Dataset items:
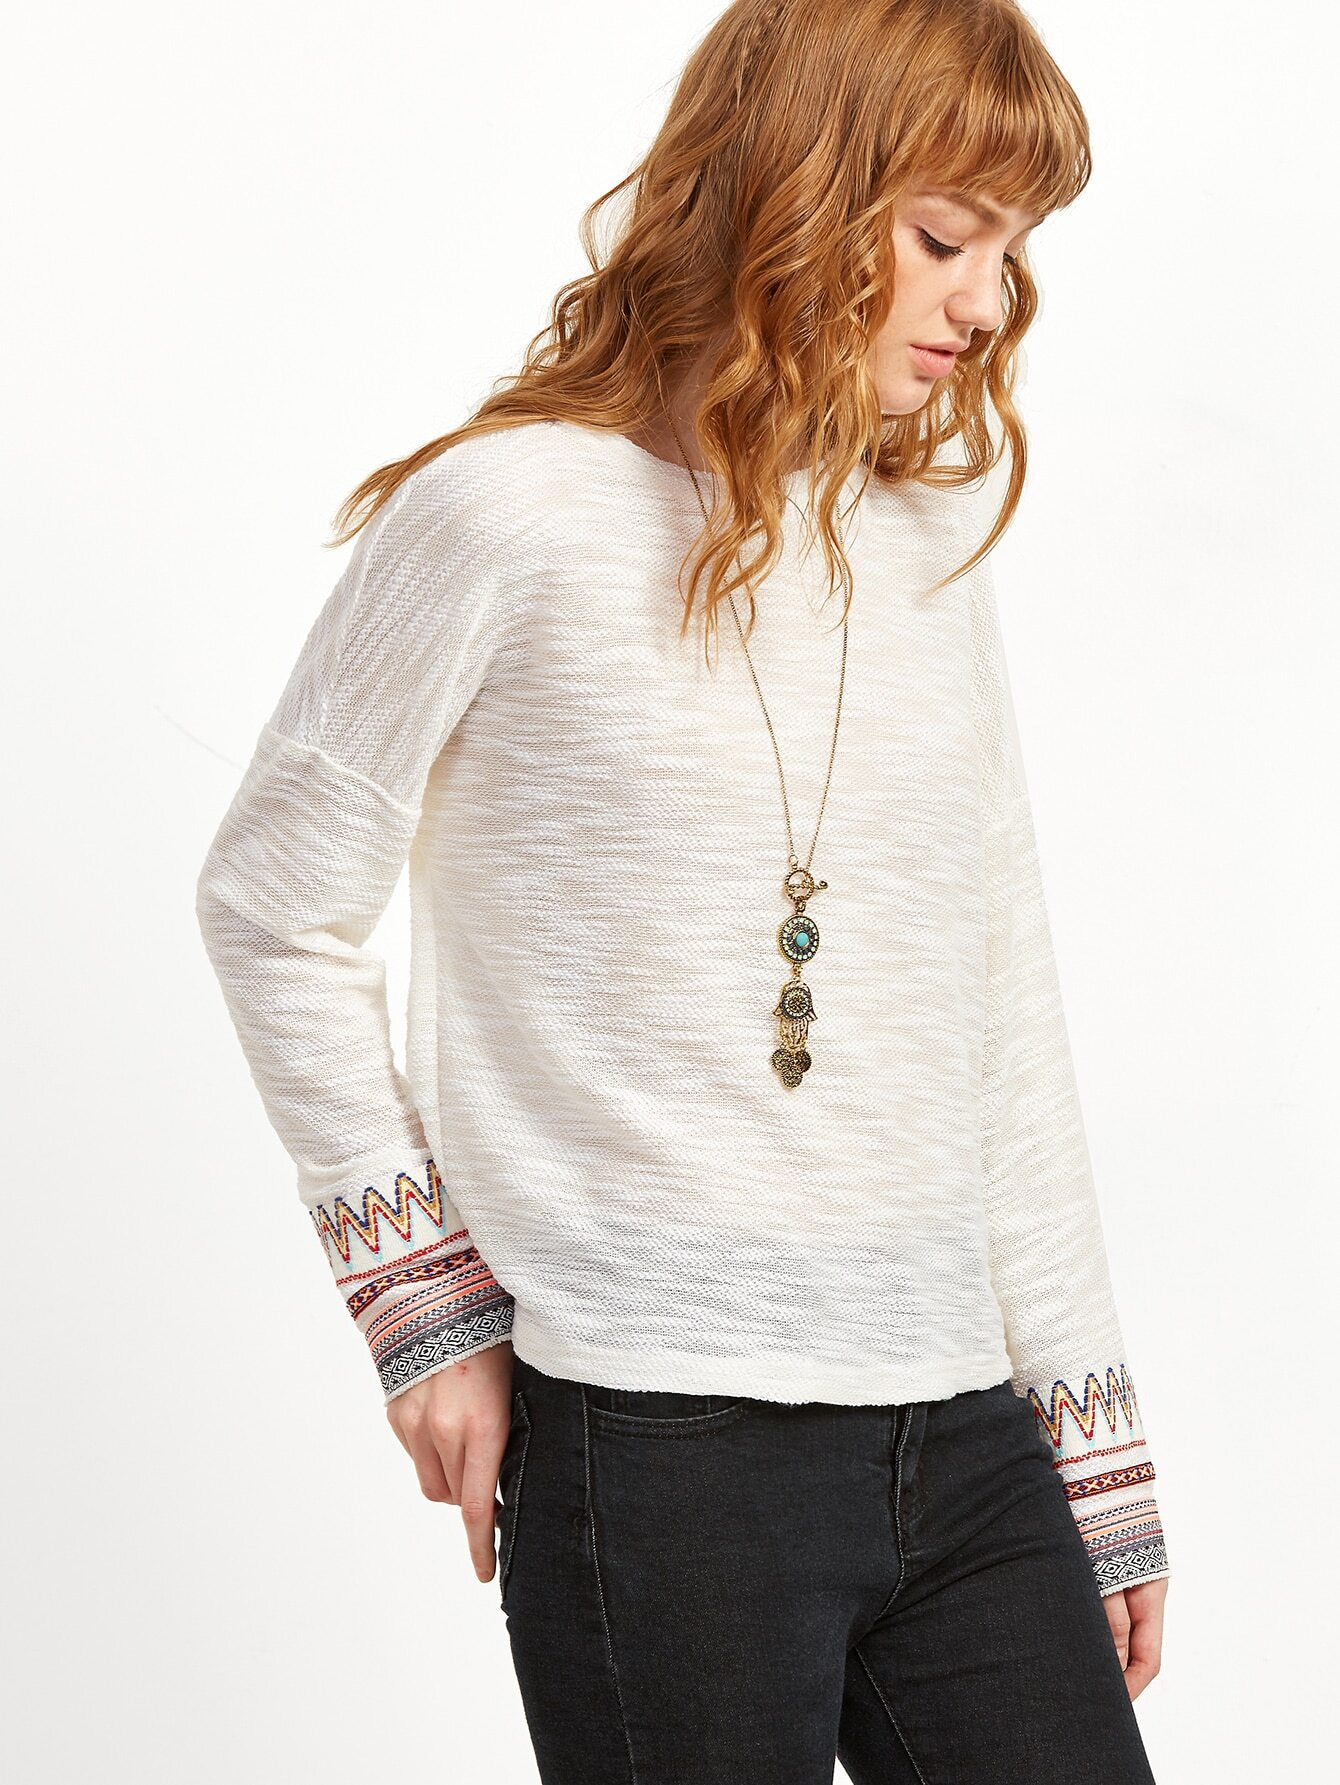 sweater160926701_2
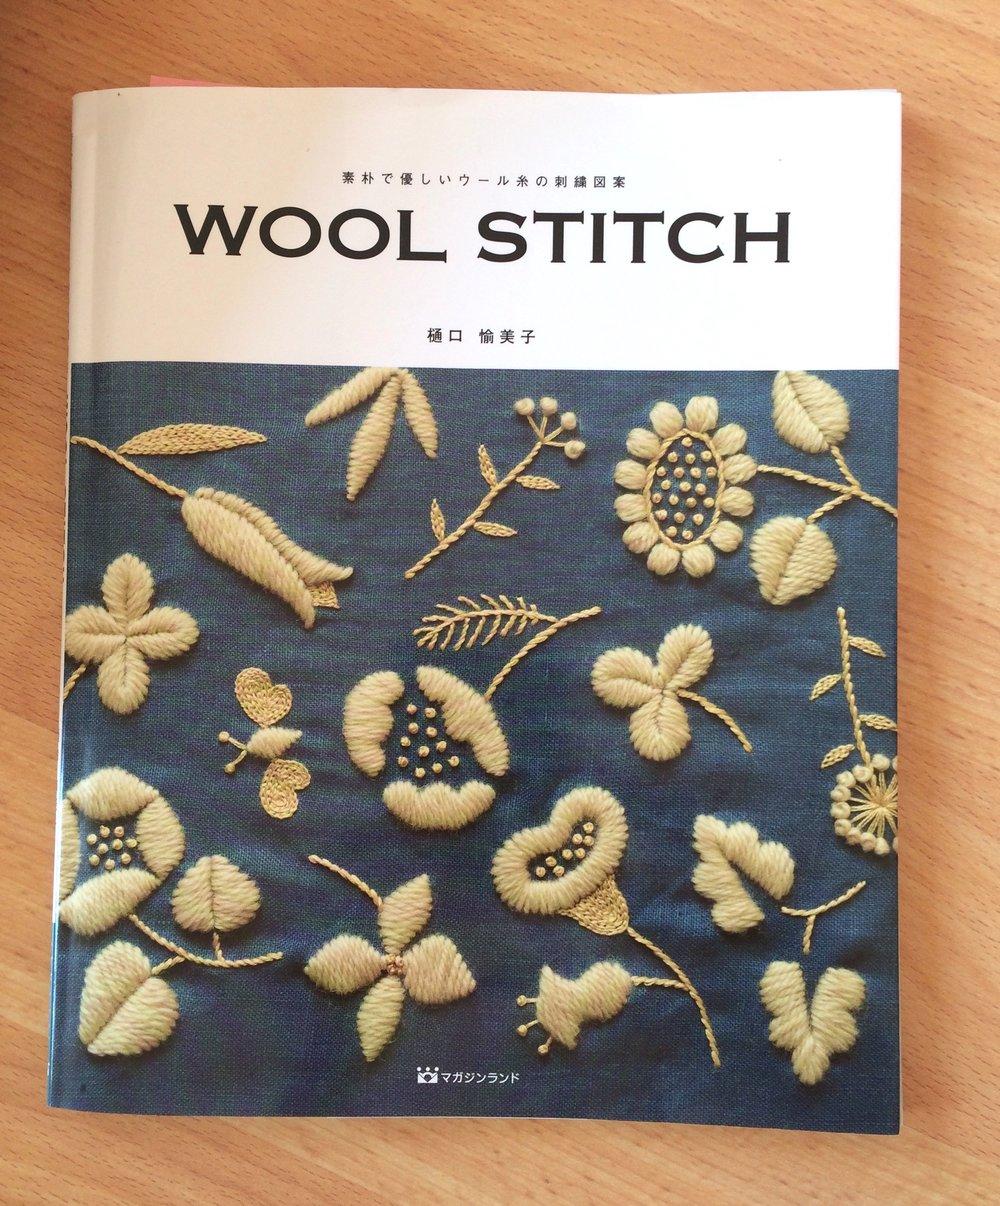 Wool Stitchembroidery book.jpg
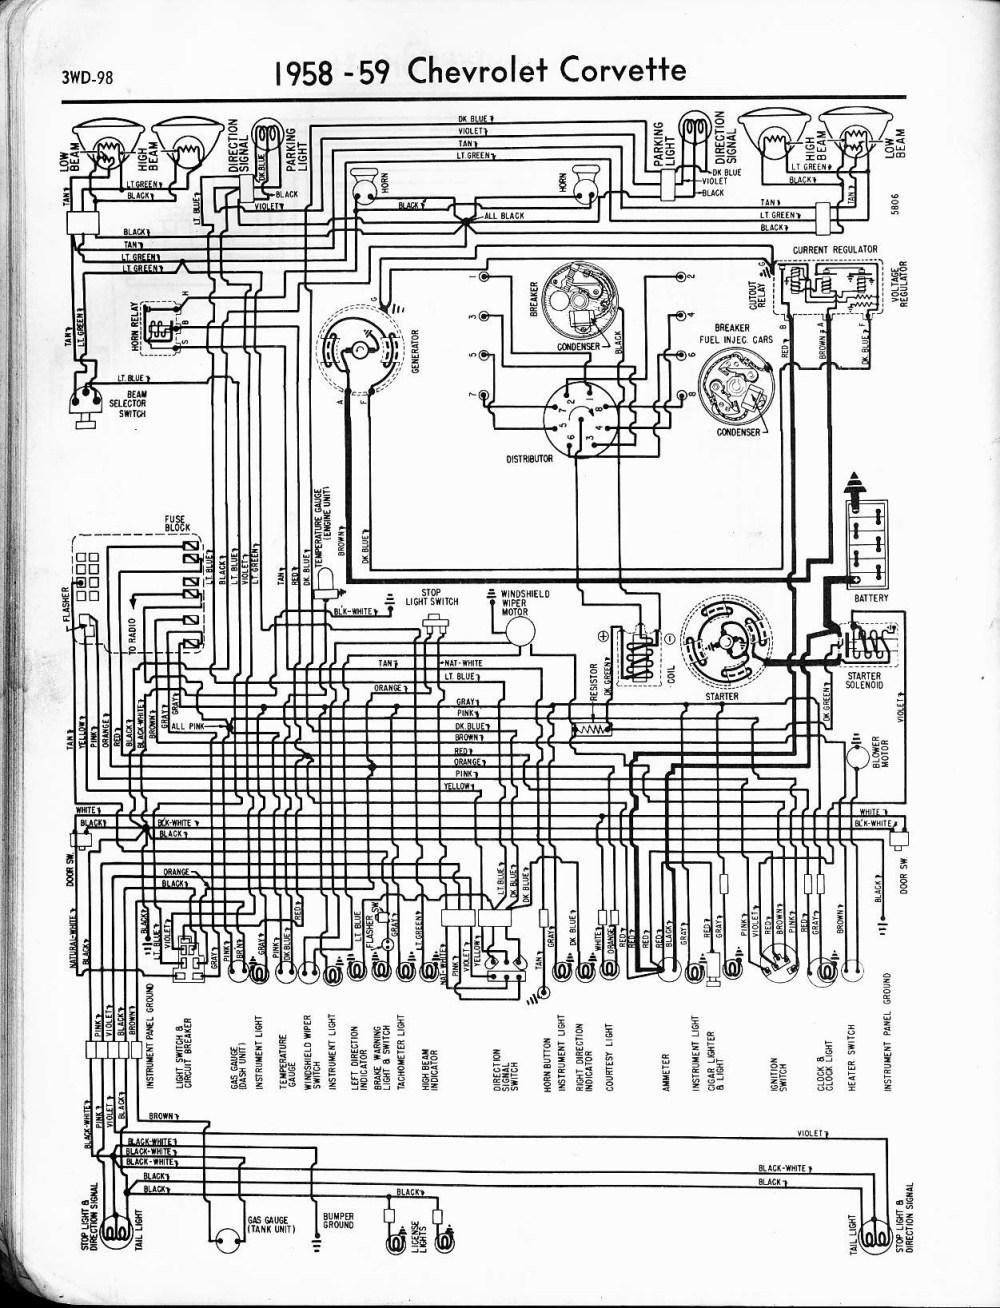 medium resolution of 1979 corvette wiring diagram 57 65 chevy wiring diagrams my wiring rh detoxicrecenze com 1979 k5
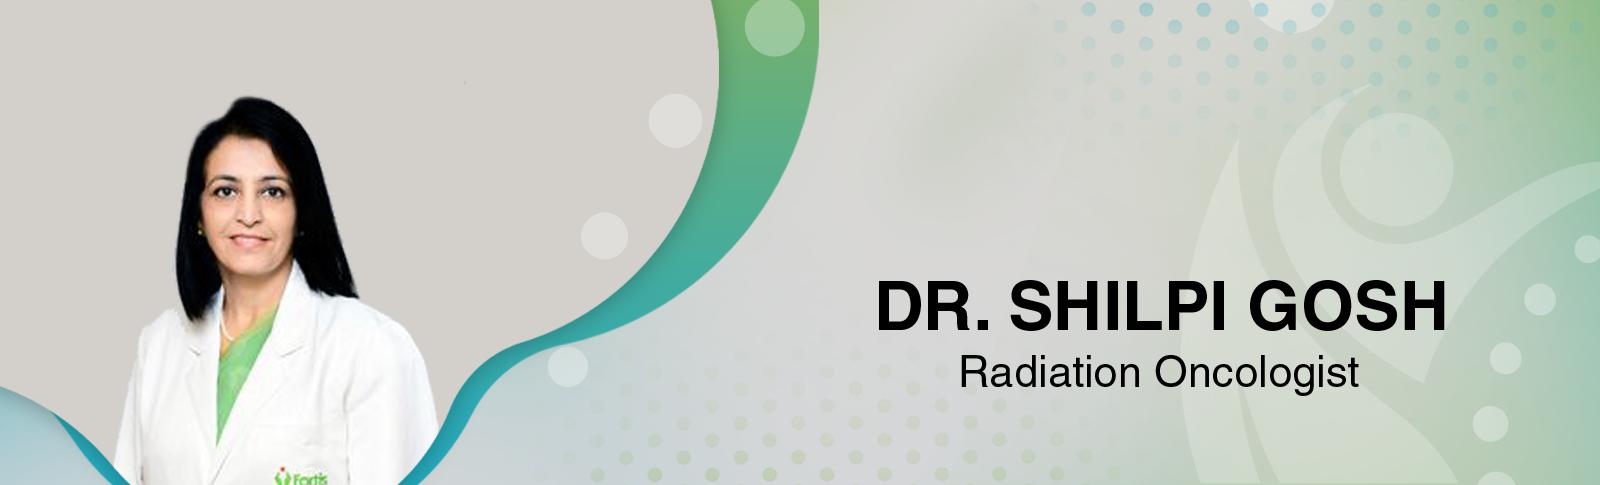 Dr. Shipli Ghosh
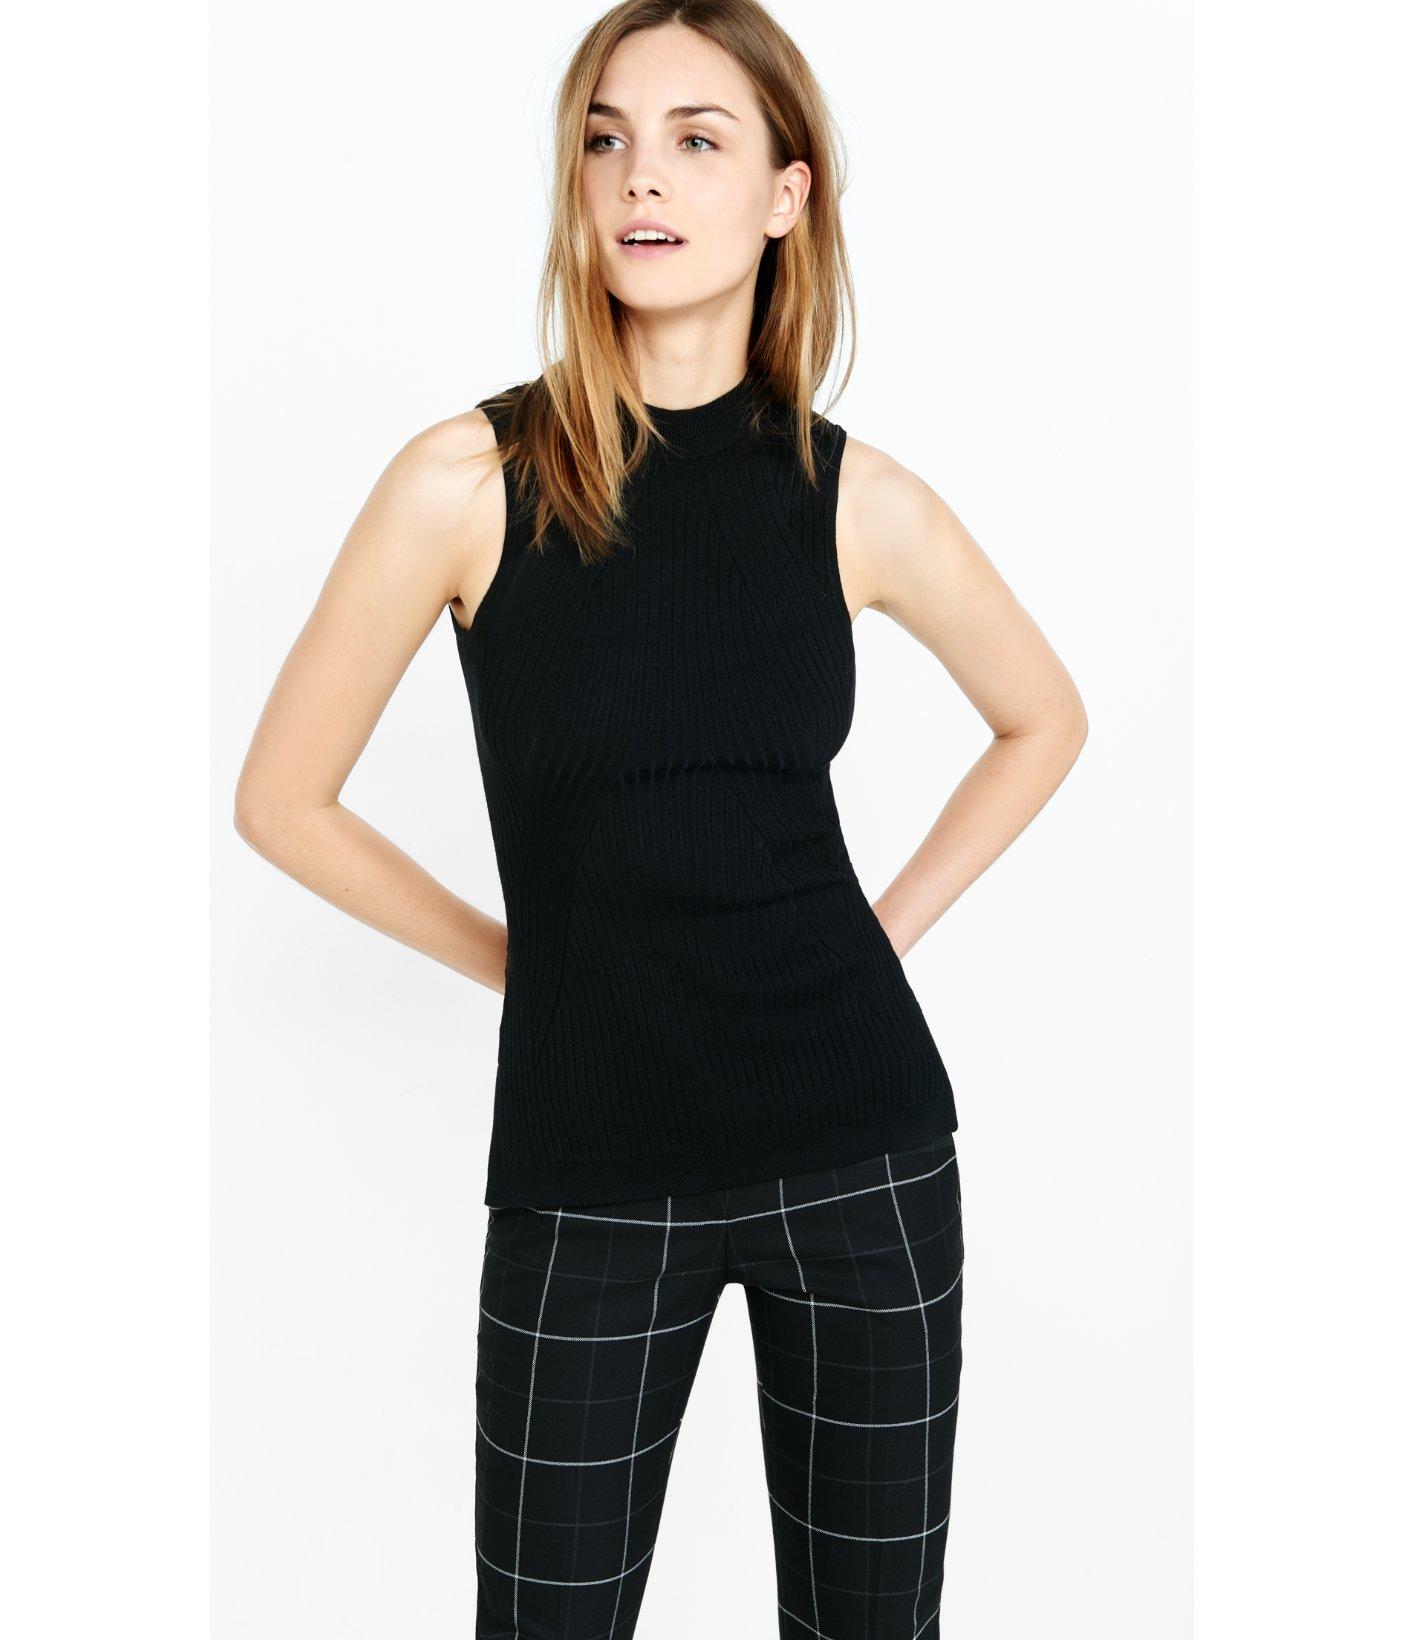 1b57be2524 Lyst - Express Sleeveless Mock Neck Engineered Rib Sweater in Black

**Exercise prompt**
Exactly the lines from the one containing "medium resolution of" through the end of the data above: repeat those, both ends included, and nothing else. Skip the pictures.

**Written solution**
 medium resolution of 1979 corvette wiring diagram 57 65 chevy wiring diagrams my wiring rh detoxicrecenze com 1979 k5
 Dr. Shipli Ghosh
 1b57be2524 Lyst - Express Sleeveless Mock Neck Engineered Rib Sweater in Black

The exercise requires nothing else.